The Baskerville Apartment Building is an early apartment constructed in 1913 in Madison, Wisconsin, two blocks south of the capitol. In 1988 it was added to the National Register of Historic Places.

History
Around 1900, the population of Madison was growing rapidly, driven by expansion of the University, government, and industry. Many people couldn't drive in to work from outside the downtown because automobiles weren't yet common. Around 1910, to meet the growing need for housing downtown, developers began to build small apartment buildings. By building up, an apartment building could house many families in the same footprint as one or two single-family homes. This boom in apartment building continued through 1930.
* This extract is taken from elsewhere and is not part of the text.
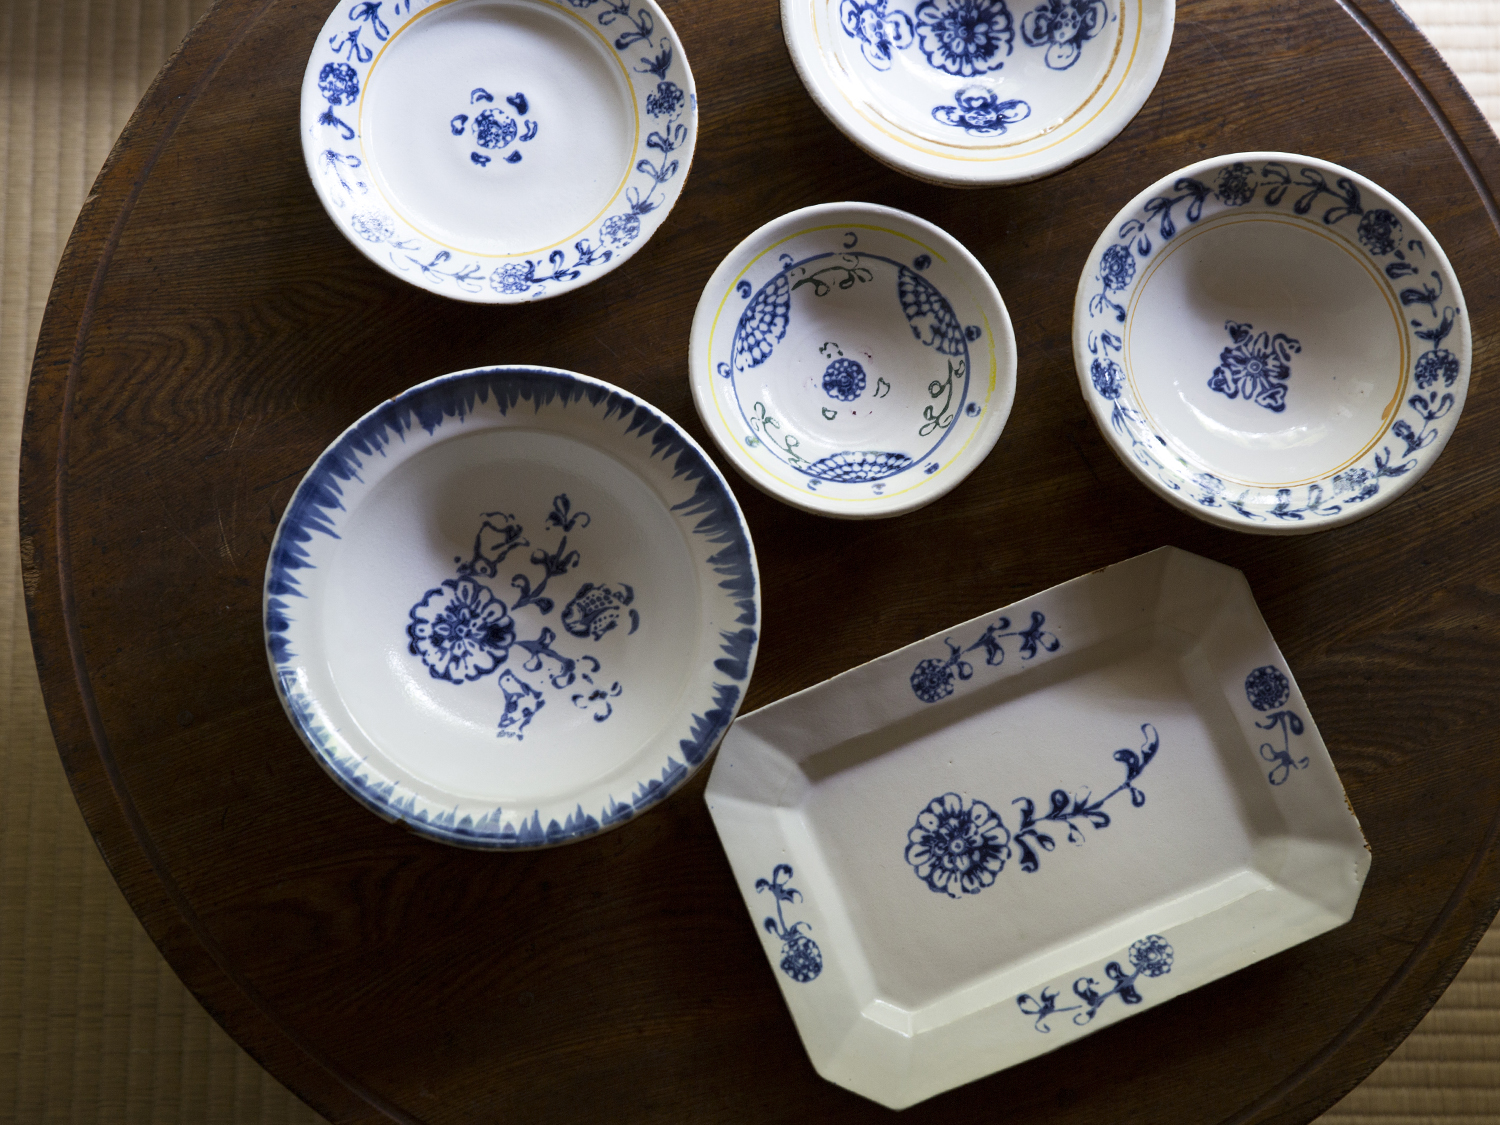 伊藤 聡信さん作品をご紹介します。白釉印判のお皿と鉢です。<br><br>※完売致しました

Built in 1913-14, the Baskerville falls early in this boom, and it is rather large among the early apartment buildings. It was designed by Madison architect Richard L. Wright to fit the wedge-shaped parcel where S. Hamilton St meets W. Doty. The building stands four stories tall on a raised, red brick foundation. Exterior walls are tan brick, topped with a simple Neoclassical-styled cornice. A section of each street-facing side is recessed to make space for balconies with iron balustrades. In one of these recesses is the main entrance - double-doors with sidelights and transom, framed in concrete with "The Baskerville" inscribed above.

Inside is a vestibule paneled in marble. Common areas beyond that include woodwork stained dark and a few decorative columns. Each floor contained six apartments. Most of the apartments included a living room, a bedroom, a galley kitchen, and a bathroom. Dimensions and shapes varied somewhat to fit into the building's triangular shell. The basement originally held two flats, a storage room, a boiler room, and a laundry. The building cost about $50,000 to build.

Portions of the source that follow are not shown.